**Data provided:**
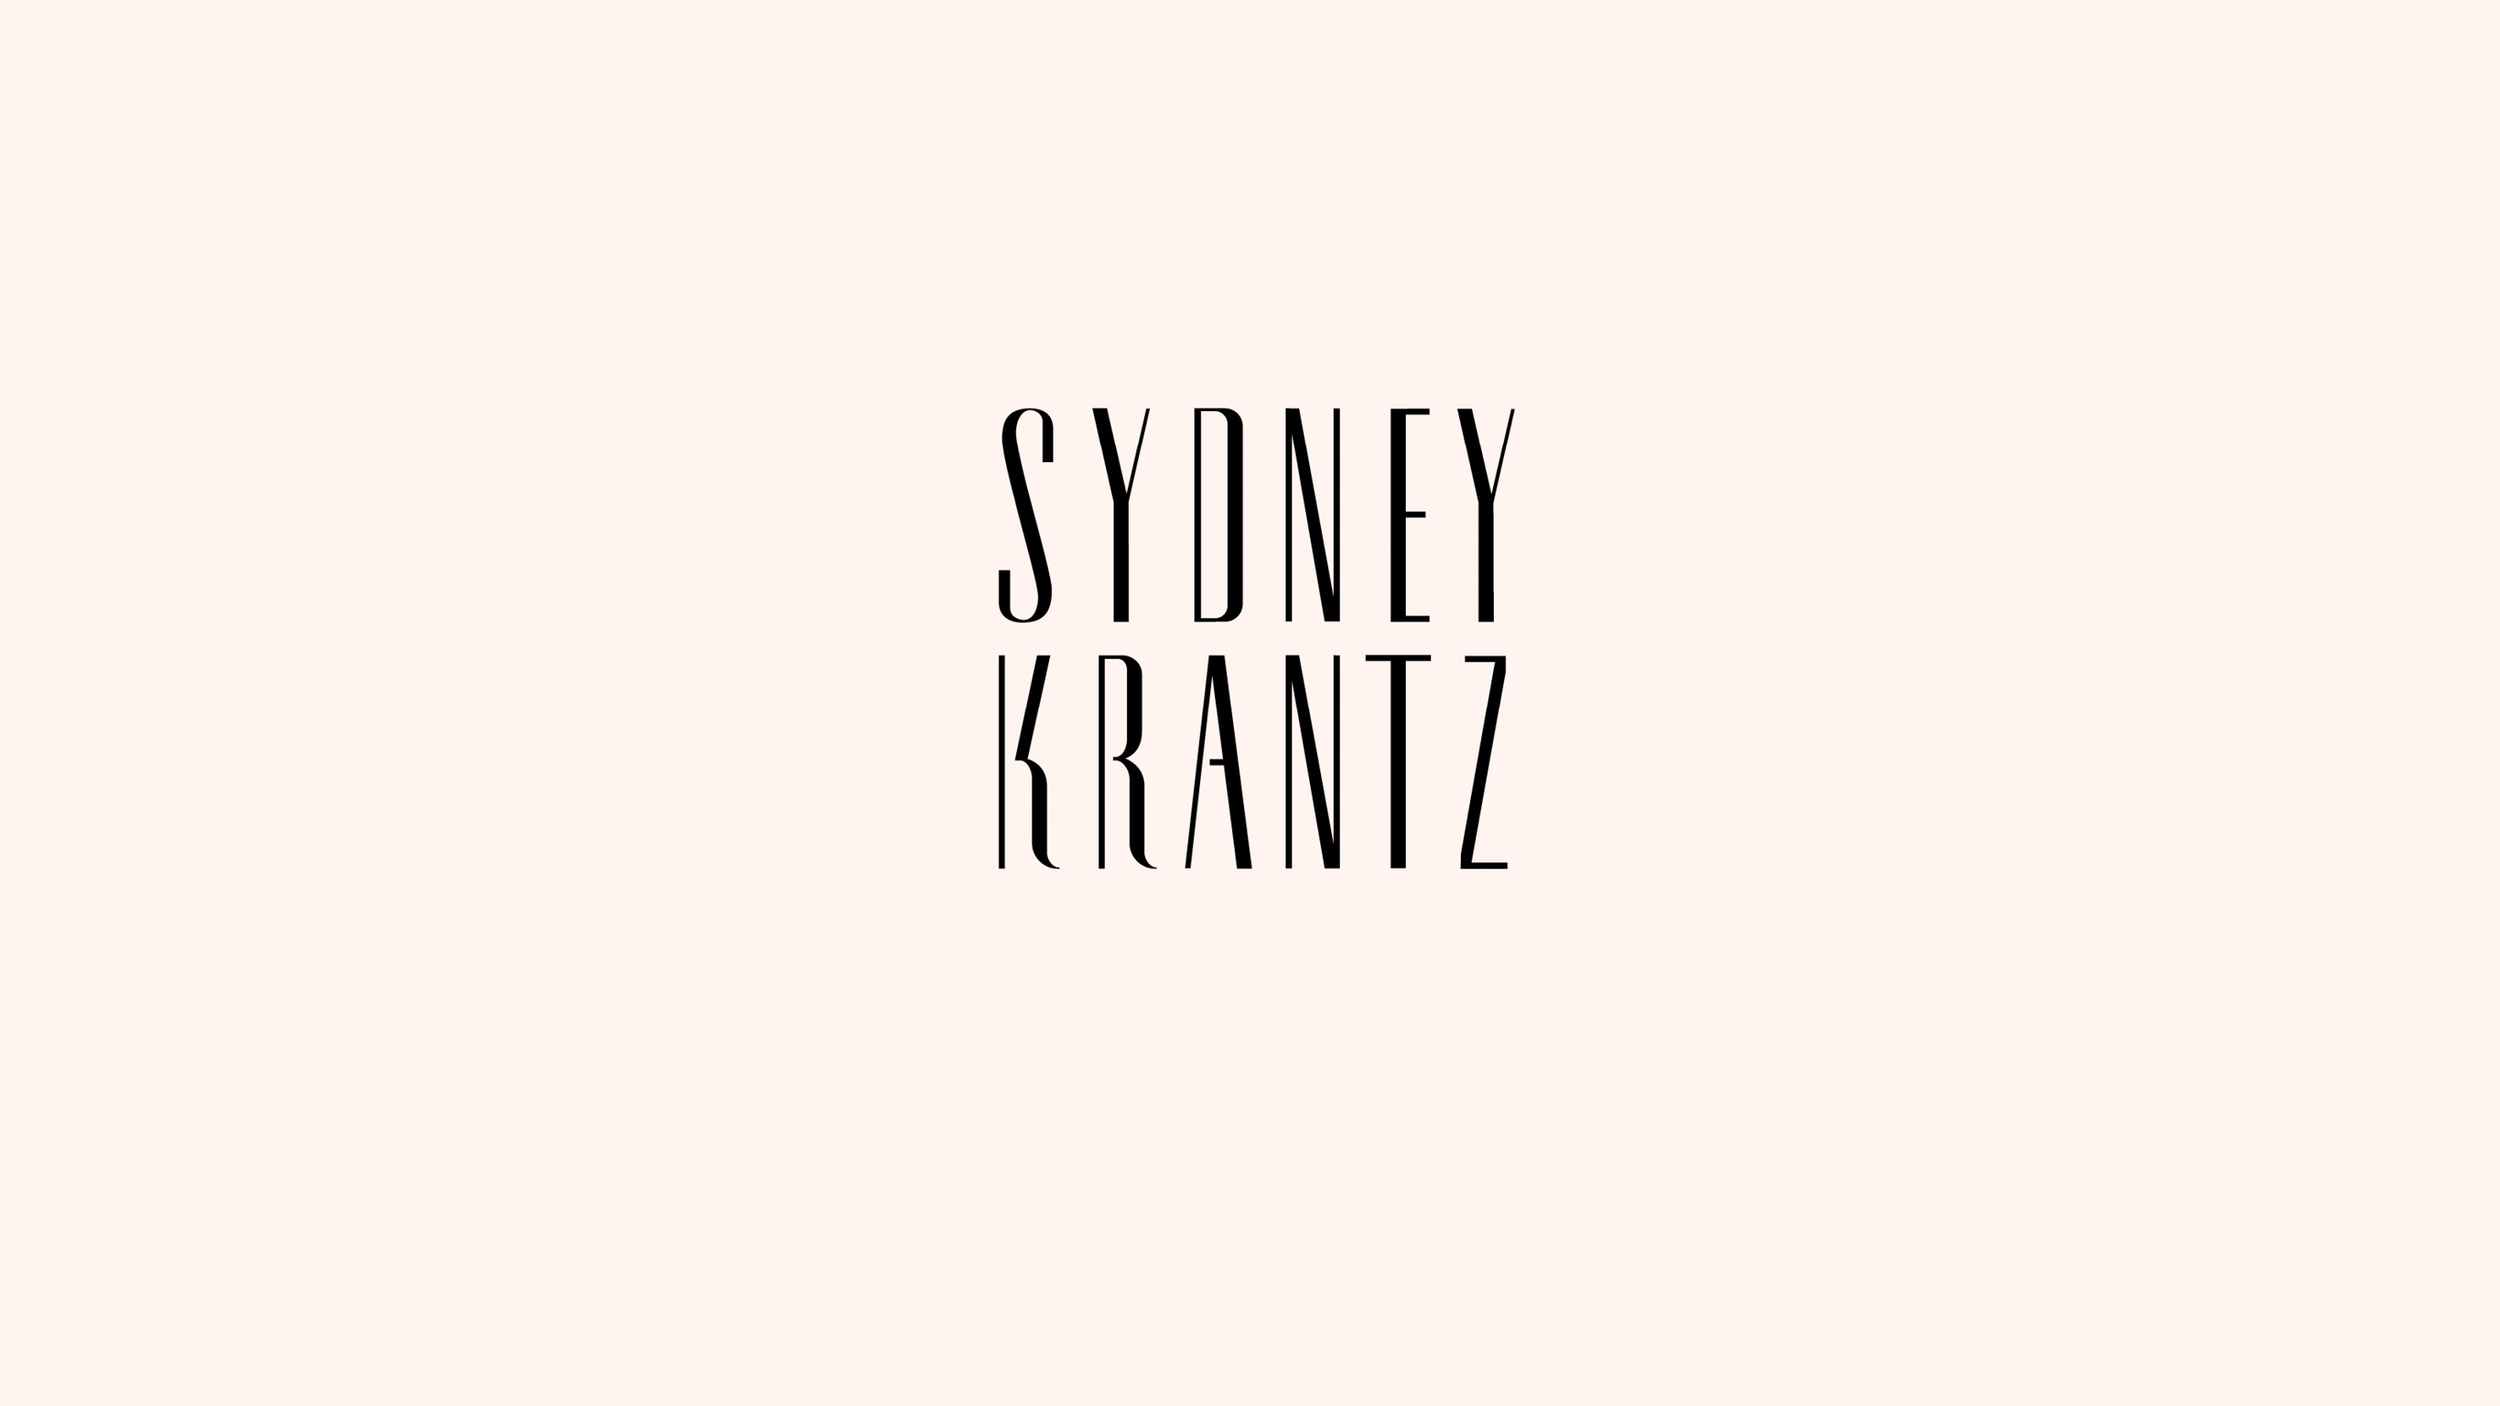 Sydney_krantz5.png
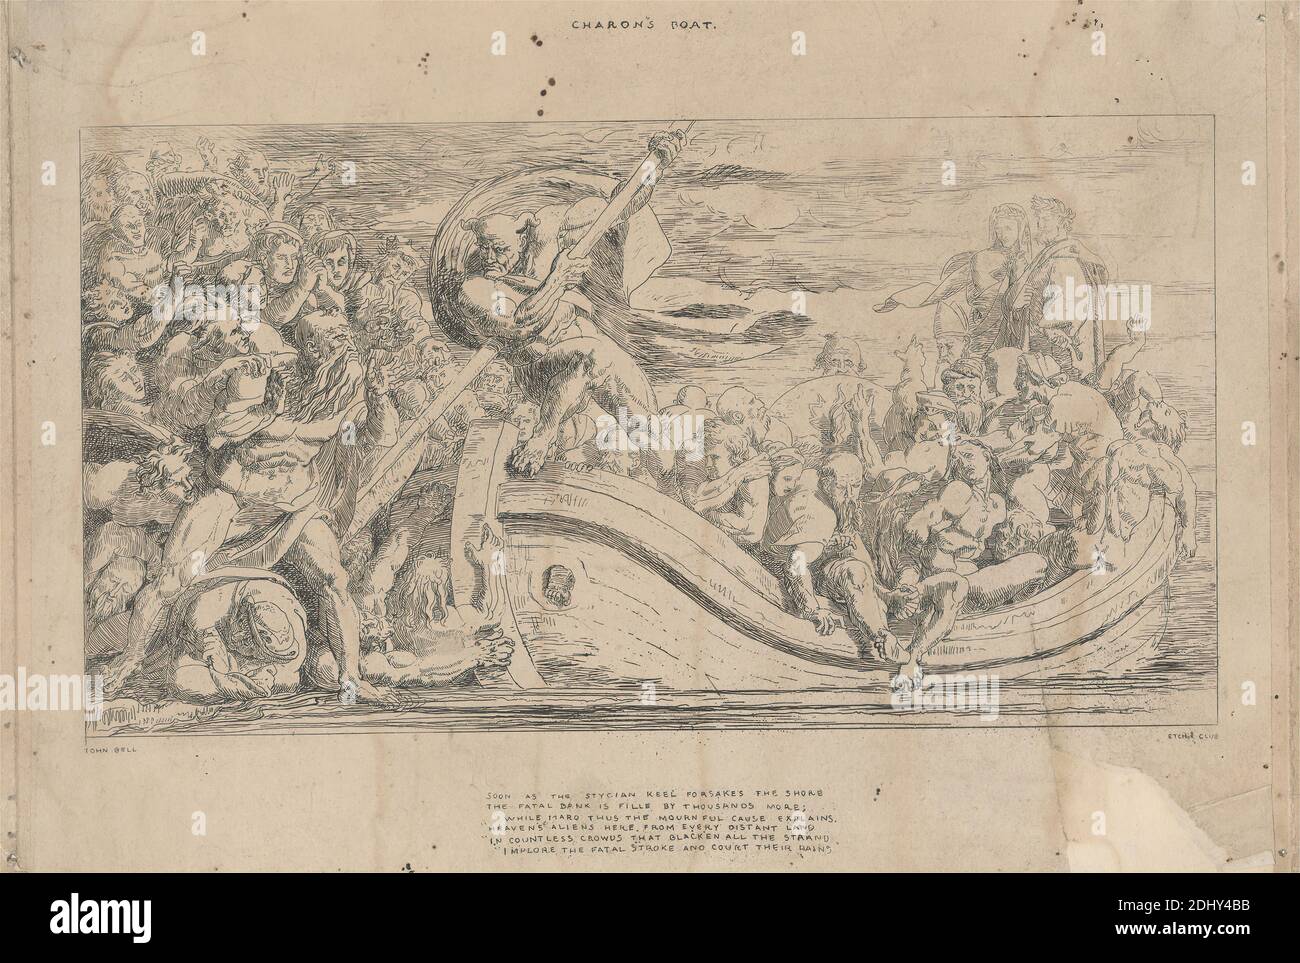 Charon's Boat, imprimé par John Bell, 1811–1895, British, entre 1838 et 1850, Etching sur du papier vélin beige modérément épais, légèrement texturé, avec un collage de chine crème, feuille: 8 3/8 x 12 1/2 pouces (21.2 x 31.8 cm), plaque: 8 3/8 x 12 1/16 pouces (21.2 x 30.6 cm), et image: 5 13/16 x 10 11/16 pouces (14.7 x 27.2 cm), agonie, mendicité, bateau, nuages, mort, enfer, hommes, mythologie, gens, pleurage, sujet religieux et mythologique, rivière, âmes, personnel, Styx, torture, femmes Banque D'Images
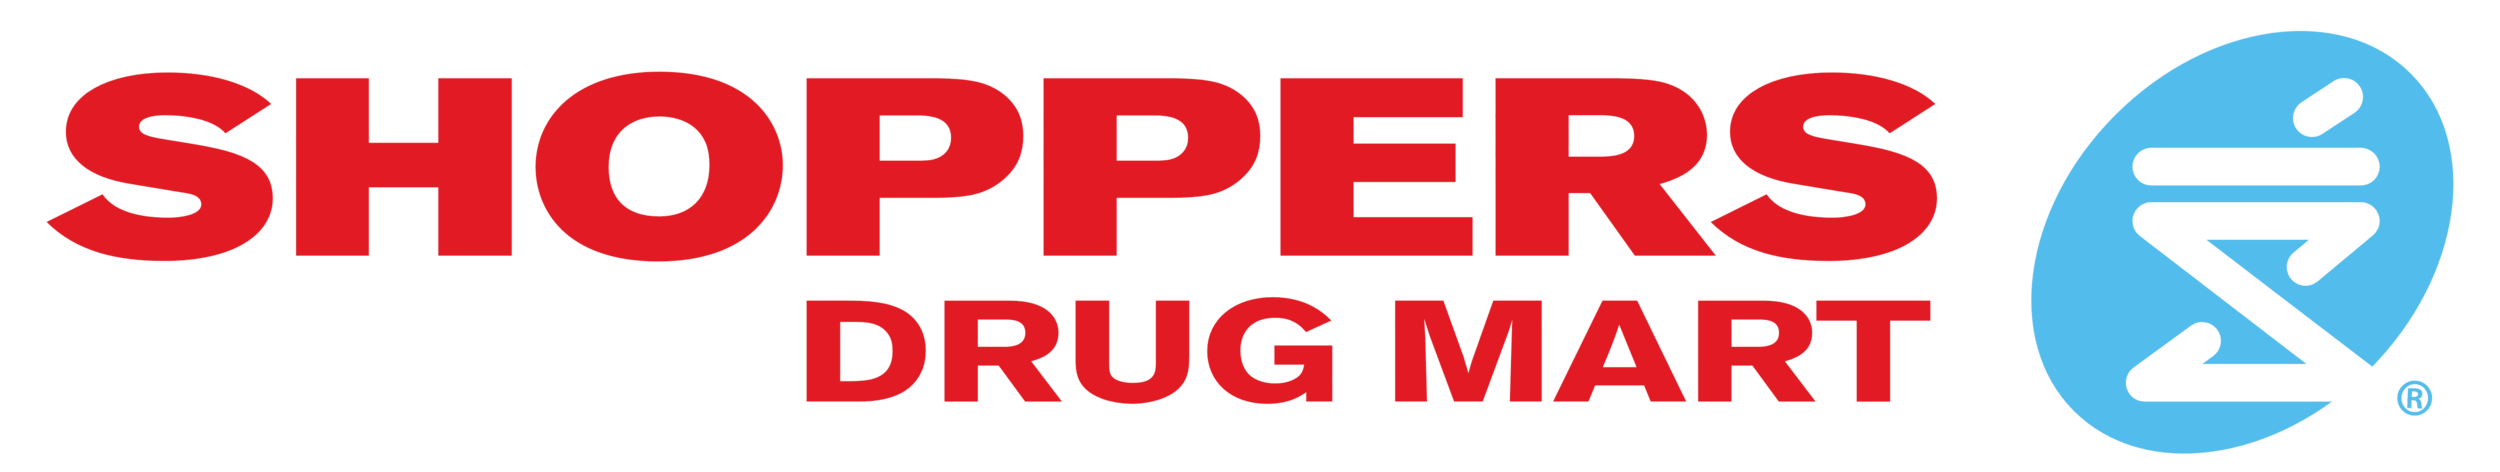 Shoppers_Drug_Mart_logo.png
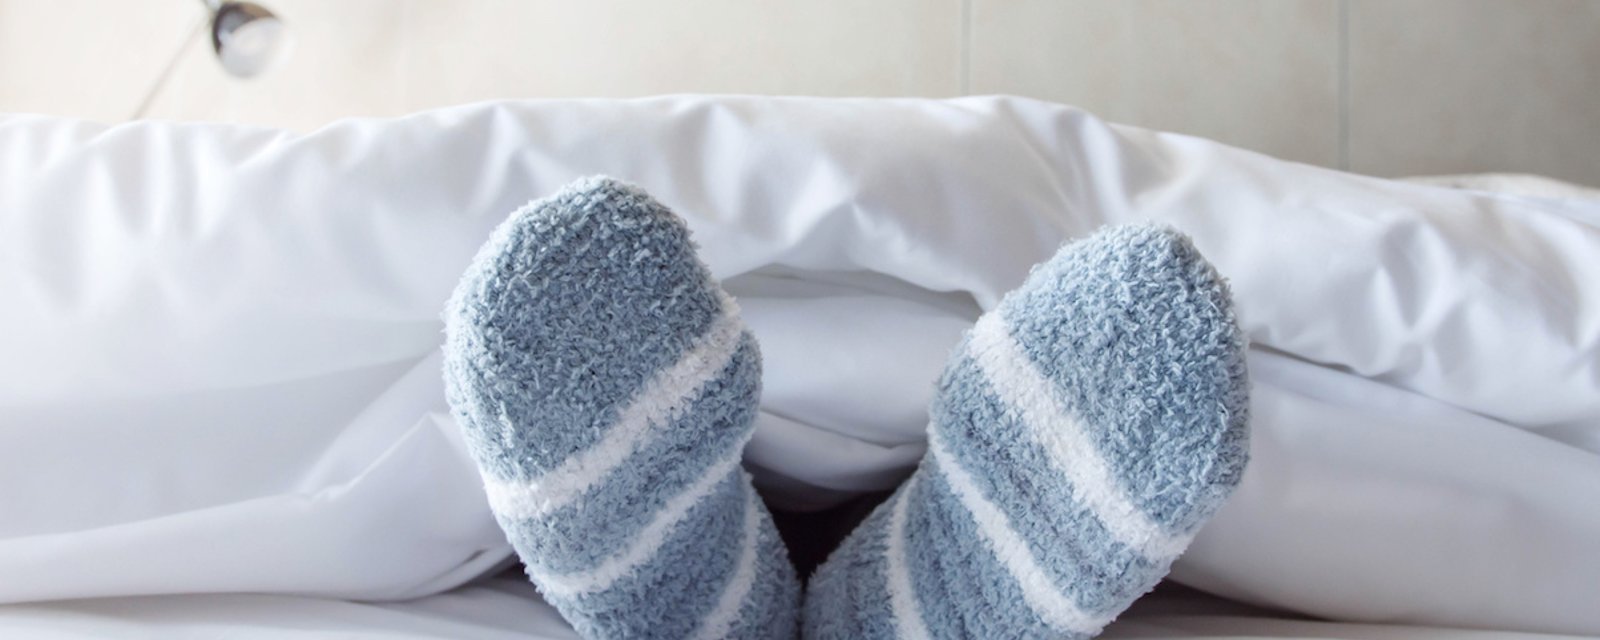 Découvrez pourquoi vous devriez dormir avec des chaussettes

**Work to complete:** Skipping all images, print the data above a second time exactly.

**Reply to the exercise:**
 Sydney_krantz5.png
 Charon's Boat, imprimé par John Bell, 1811–1895, British, entre 1838 et 1850, Etching sur du papier vélin beige modérément épais, légèrement texturé, avec un collage de chine crème, feuille: 8 3/8 x 12 1/2 pouces (21.2 x 31.8 cm), plaque: 8 3/8 x 12 1/16 pouces (21.2 x 30.6 cm), et image: 5 13/16 x 10 11/16 pouces (14.7 x 27.2 cm), agonie, mendicité, bateau, nuages, mort, enfer, hommes, mythologie, gens, pleurage, sujet religieux et mythologique, rivière, âmes, personnel, Styx, torture, femmes Banque D'Images
 Shoppers_Drug_Mart_logo.png
 Découvrez pourquoi vous devriez dormir avec des chaussettes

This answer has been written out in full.